Notably, the High Court in Dickson Holdings opined that the defendants had taken “too timid a position when they say that they cannot apply to set the order aside because they were not a party to those proceedings” (at [43]), and invited them to file an application to intervene and set aside the Original Order to the extent of the four properties there disputed to “put the procedural aspects in order”, without need for further evidence or submissions (at [44]).

The second decision was Koh Beng Swee v Syed Jafaralsadeg bin Abdul Kadir Alhadad [1997] SGHC 317 (“Koh Beng Swee”). Here, the plaintiffs sought a declaration of their leasehold entitlement to certain properties of the Estate, which did not overlap with the Disputed Properties or with the properties subject of Dickson Holdings.

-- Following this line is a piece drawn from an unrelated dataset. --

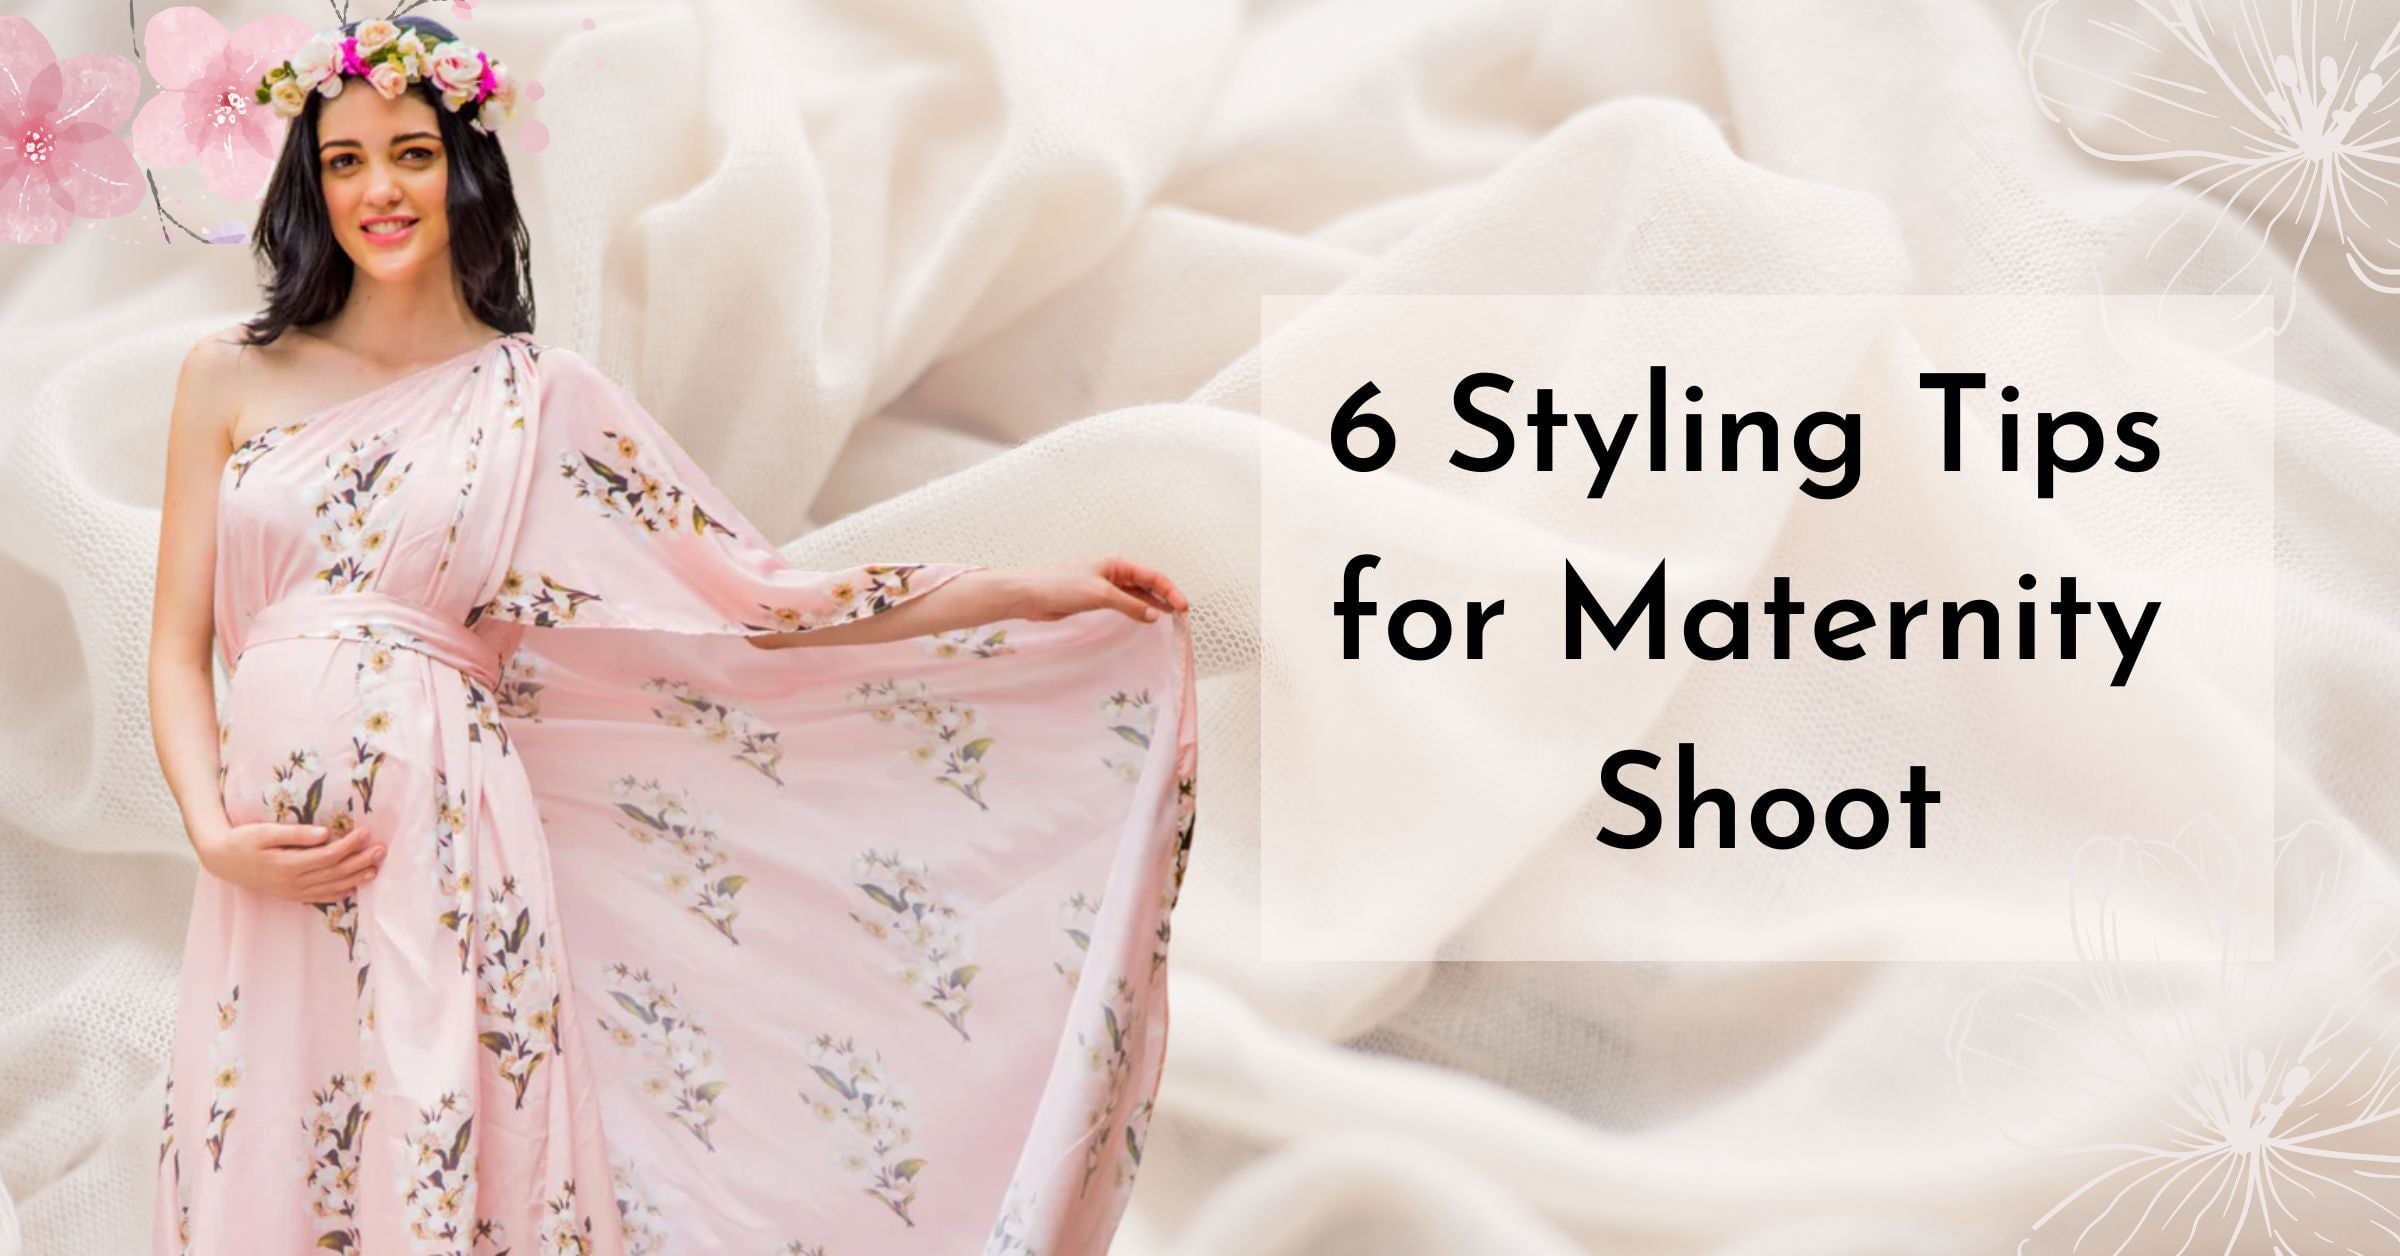 6 Styling Tips for Maternity Shoot

In respect of the issue of the defendants’ capacity to act as trustees of the Estate and defend the proceedings, the High Court relied on Dickson Holdings for the proposition that the defendants’ appointment was defective and opined as follows (at [81]):

… Like Dickson Holdings Pte Ltd in Suit No. 1837 of 1994 and other leaseholders whose interests have been adversely affected thereby, the plaintiffs should take steps to intervene in OS 1122 of 1992 before applying to set aside the 1992 Order made against the properties.

Accordingly, the High Court in Koh Beng Swee granted the various declarations sought by the plaintiffs on the ground that the defendants’ title “had been impugned [and] their capacity to act as trustees for the [Estate] is questionable” (at [93]).

Originating Summons No 69 of 1998

In 1998, in light of the ensuing litigation over the validity of appointment of the fourth to seventh respondents as trustees under the Original Order, the first respondent and one Sharifah Fatimah Binte Abdul Kader Aljunied (“Sharifah”), who were beneficiaries of the Estate, applied to court to be substituted as trustees.5 By an order of court dated 10 February 1998 (“the Subsequent Order”) made in Originating Summons No 69 of 1998, the first respondent and Sharifah were so appointed as the new trustees of the Estate in substitution of the fourth to seventh respondents who were discharged and removed as trustees.6 The fourth to seventh respondents were named as respondents in this application, but they did not object to the substitution.7

The Notice of Appointment of New Trustees in 2009

In 2009, the trustees of the Estate under the Subsequent Order, ie the first respondent and Sharifah, together with the second respondent, filed a Notice of Appointment of New Trustees dated 19 October...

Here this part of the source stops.